FENG Zi-jian: No, it should be said that 30% of the probability of influenza, 30% where 80% may be a stream. So, it is best not to do that because I do not know that we are really testing the accuracy of how high, which also involves the timing of sampling, sample the quality of high or low, will be affected, so we can not simply multiply 80 by 30% % to calculate the number of patients. In a period of time, sampling and monitoring of the level of quality there are no major changes in circumstances, we can analyze the trend in this figure, but it can not accurately be used to estimate influenza-like illness a person entitled to how much the probability of Influenza A H1N1 influenza.

Follow-up: This 30%, 80% of the ratio is high compared with previous years do?

FENG Zi-jian: Over the past two months, influenza-like illness the proportion of the total attendance is now rising rapidly, the prevalence in previous years, the level of the peak season, only about 2%, and now has reached 9%.

Shen Ying: We have a week of pre-hospital fever of influenza-like illness accounted for 60% of the crowd.

FENG Zi-jian: Of course not the case throughout the South and the North are not the same.

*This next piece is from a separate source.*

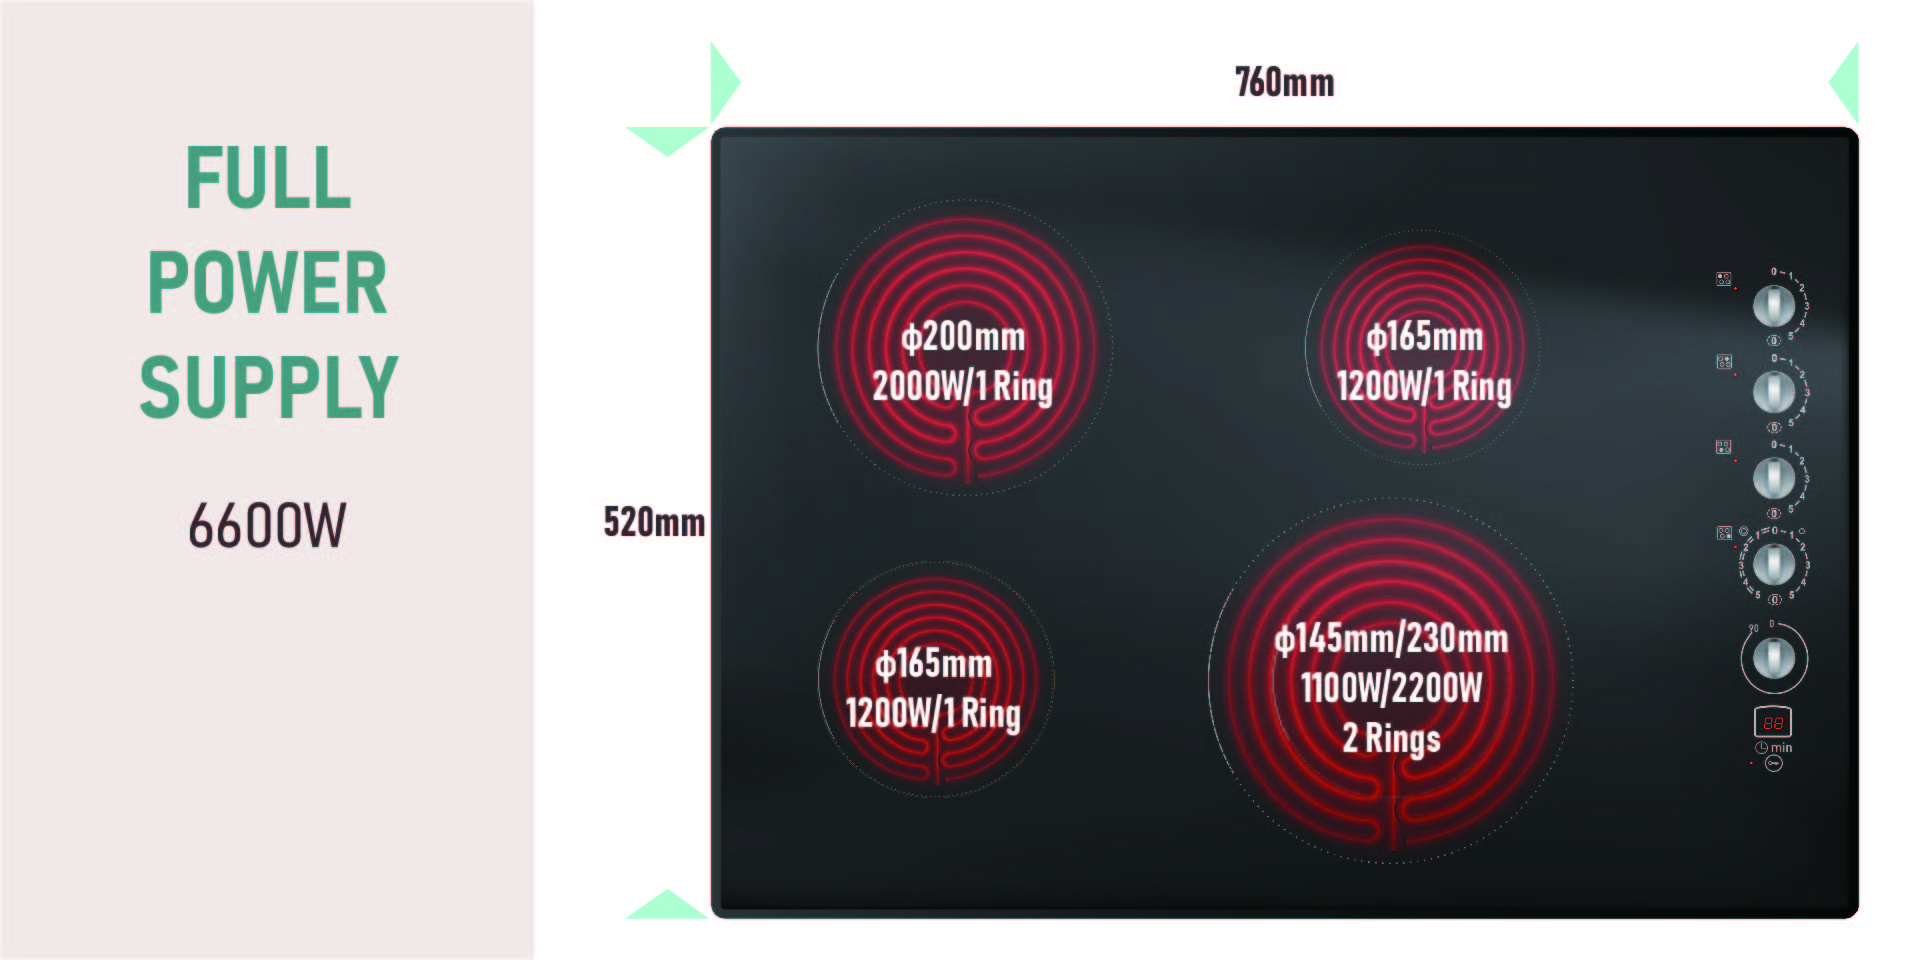 High Quality Side Control Black Ceramic Frameless Hob with 4 Hi-lite Cooking Zones Wholesale - Shenzhen H-one

A reporter’s question: There is now not possible to a general mistaken for Influenza H1N1 influenza flu? What is the probability? Influenza A H1N1 influenza virus, the probability that the number of missed diagnosis?
FENG Zi-jian: At present, a stream has been widespread in China, now no longer required for each patient by the disease control agency to take individual isolation, most important thing is to persuade the patient self-isolation, the patient can not do more to individual isolation. Therefore, we do not require medical institutions and disease control agencies have carried out for each laboratory diagnosis of suspected cases. First, there is no need, and second, we do not have such a large detection capability. We are now on the laboratory diagnosis of severe requirement is emphasis on diagnosis. Severe diagnosis of two meanings, one is to guide clinical anti-viral treatment, can quickly make a diagnosis, to guide the use of Tamiflu drug may be more accurate. Second, this is the disease we have to monitor the virulence of the virus suspected cases of change in a very important opportunity, and we see this disease in the performance of this person than heavier, that is not due to changes in virulence of the virus causing it? For all laboratory surveillance in all countries can not do.

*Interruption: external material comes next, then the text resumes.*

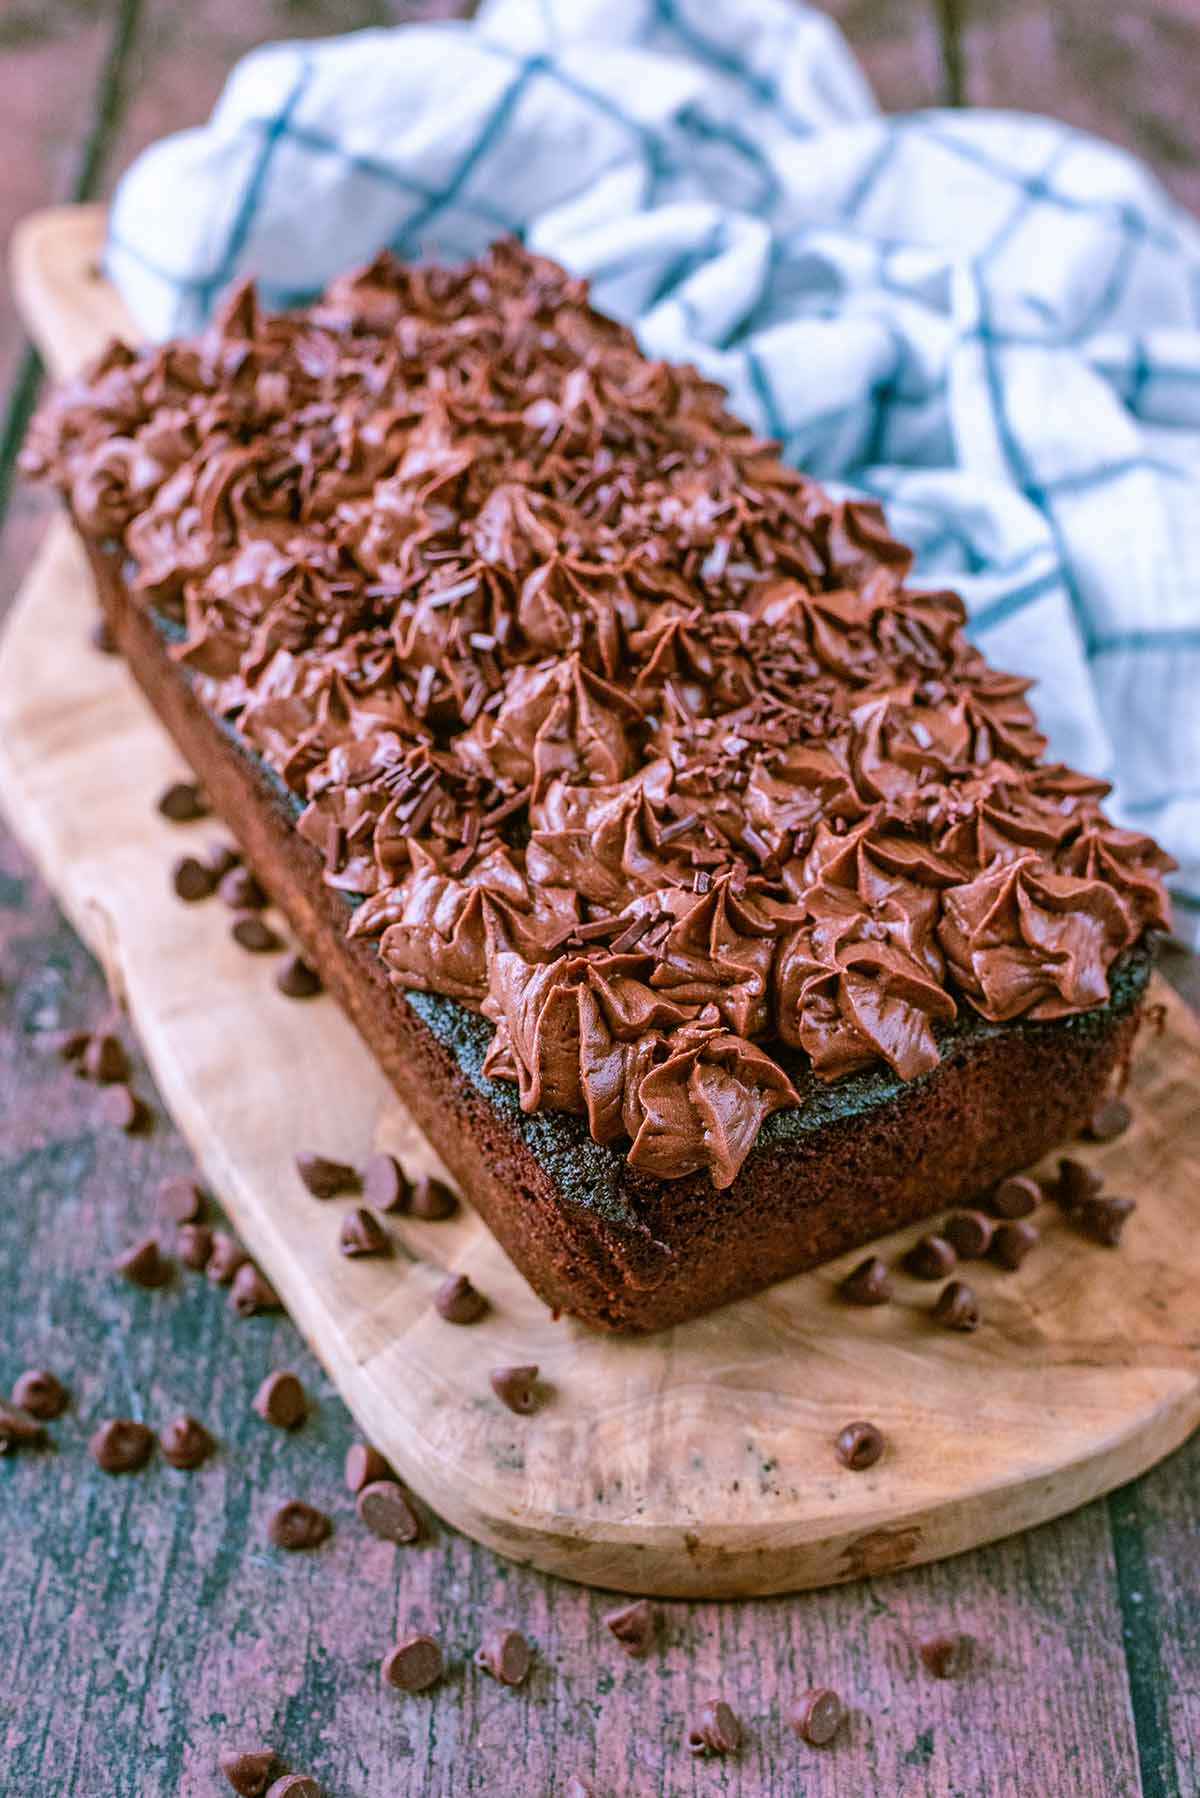 A rectangular chocolate cake topped with chocolate icing and chocolate sprinkles.

A reporter’s question: This can not do because of capacity or financial problems?

Cao Zhi New: there is an important number to consider, more than 1000 cases of patients indicates that 3 days when the temperature only 37 degrees, if taking into account the actual situation, more than 1000 cases are sent to the clinic, and three days to finish the test results, which more than 1000 individuals have been better. This does not and arithmetic, let us find it more than 1000 individuals inside the critically ill patients, these critically ill patients, once there are signs of immediate submission is positive to give specific treatment. On the one hand to measure, however, on the other hand is generally not meaningful to measure, out-patient now have this situation, we make a phone call, with the patient and said, you are a flow of positive results that my patients are better.

A reporter’s question: Some symptomatic treatment, and eat anti-fever drugs, or drink water break self-healing, and also all right by.

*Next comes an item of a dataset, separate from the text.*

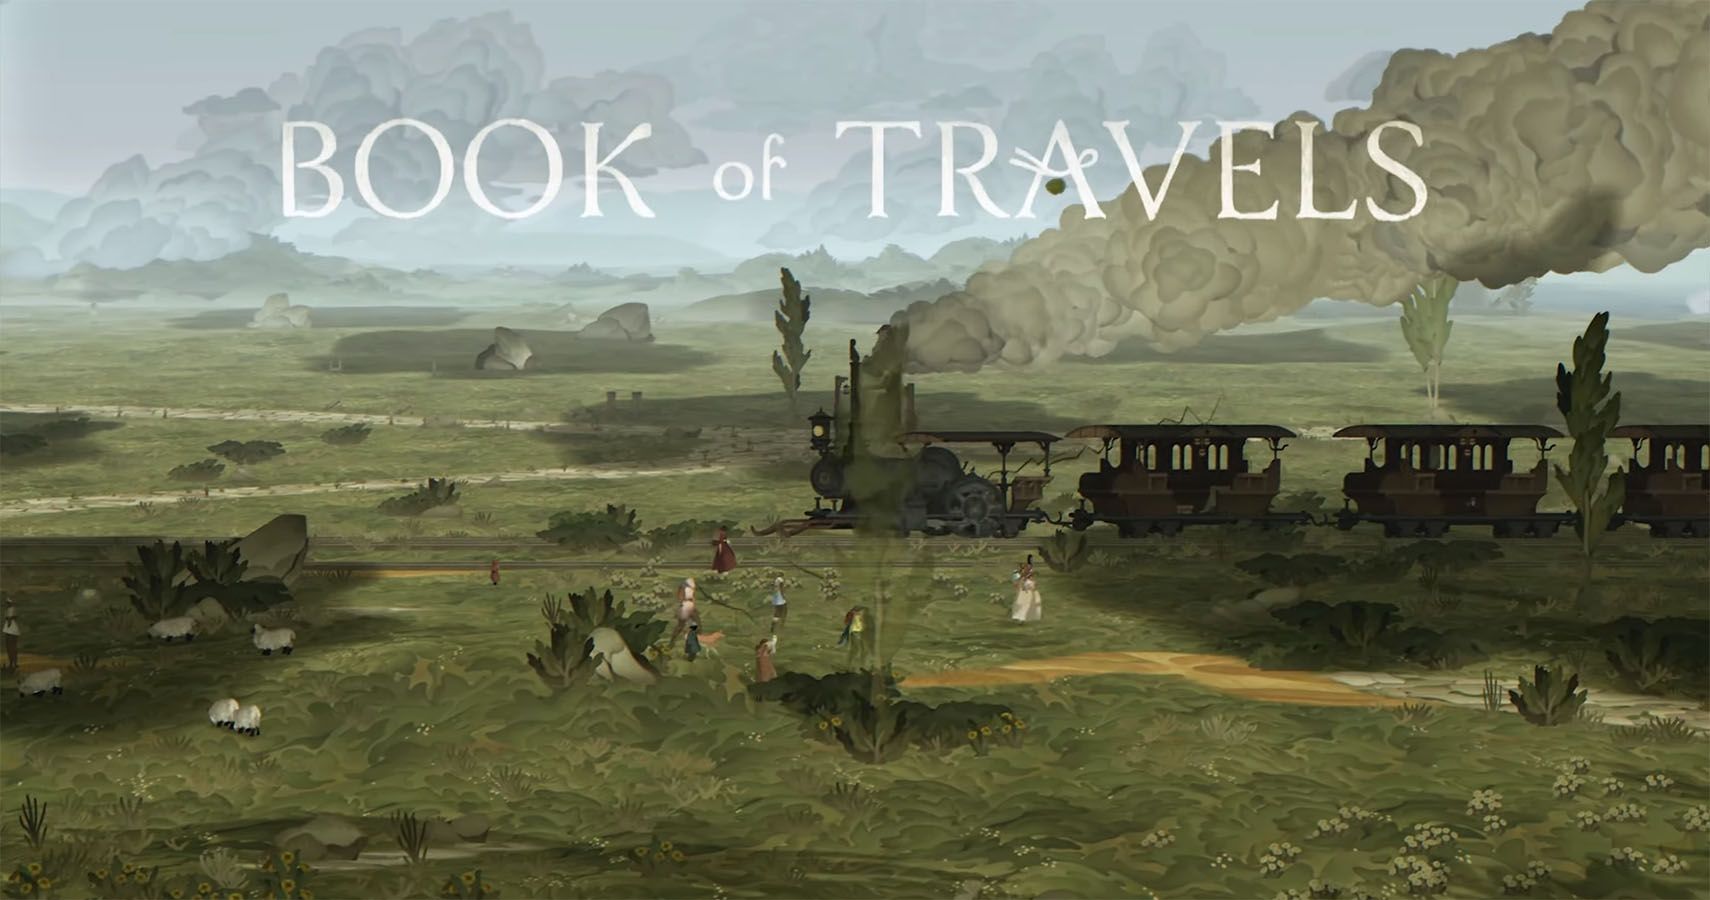 the book of travels summary shmoop

FENG Zi-jian: This is the latest most in need of publicity. Now all levels of disease control agencies are working quickly to advance vaccine, we hope to bring the vaccine produced in the shortest possible time, hitting the people who most need protection. But, after all, a limited number, but also require the production cycle can not look at the place. With our country’s enormous size of the population compared to the number of vaccines is still inadequate. In this way, the public’s personal prevention is vital. Just as the reporter said, if there is a flu-like symptoms, or symptoms of acute upper respiratory infection, fever, coughing, sneezing, etc., to rest at home, work and other symptoms disappeared later. To do this, all social organizations must meet the unit’s leadership needs to understand this point, be able to support, be able to take some measures to encourage employees to sick leave, sick continued to work at this time is not worth promoting. This helps to prevent the whole society, but also help prevent the spread of their units and outbreaks. In the popular peak season, all units should do this to encourage people to rest at home sick, the symptoms disappeared 24 hours later to go to work, which is slowing the spread of the whole community is very helpful. Secondly, the right to prevent a flow in an outbreak of collective units also play a role, and this is evidence, and the international community is to do so.

Second, the rest due to illness in the family who pay attention to the spread within the family, especially the need to protect high-risk family members, such as the chronically ill, small children, very old elderly, pregnant women, are needed special protection because they occurred at high risk of severe, it is necessary to avoid as much as possible so that they can become infected.

Patients also go out as much as possible to reduce non-essential, if necessary, go out, for example to the hospital for treatment, to take the bus, go to the supermarket to buy things, this time to wear a mask, it is necessary to protect others, this is what every a civic responsibility. If you do not wear a mask, this time you cough, sneeze, we should cover mouth and nose, use paper towels, clothes blocked, do not splash directly into the front of others.

Other healthy people, usually a very important point, but also very simple and effective way is to wash their hands. Hand-washing is a very effective measure. Wash their hands, does not require very complicated, is to use soap or hand sanitizer, if not, the direct use of tap water rinse is also effective. Usual, if able to do so, bring a bottle of disposable alcohol, squeeze hands, rub what you can. Is very simple, many supermarkets have to sell, very useful, especially the common Yaogen others who come into contact, such as sales, bus conductor, etc., preferably with a bottle of hand, which are helpful to prevent infection, to also help reduce family communication and reduce the outbreak of the unit has also helped, of course, the individual will benefit.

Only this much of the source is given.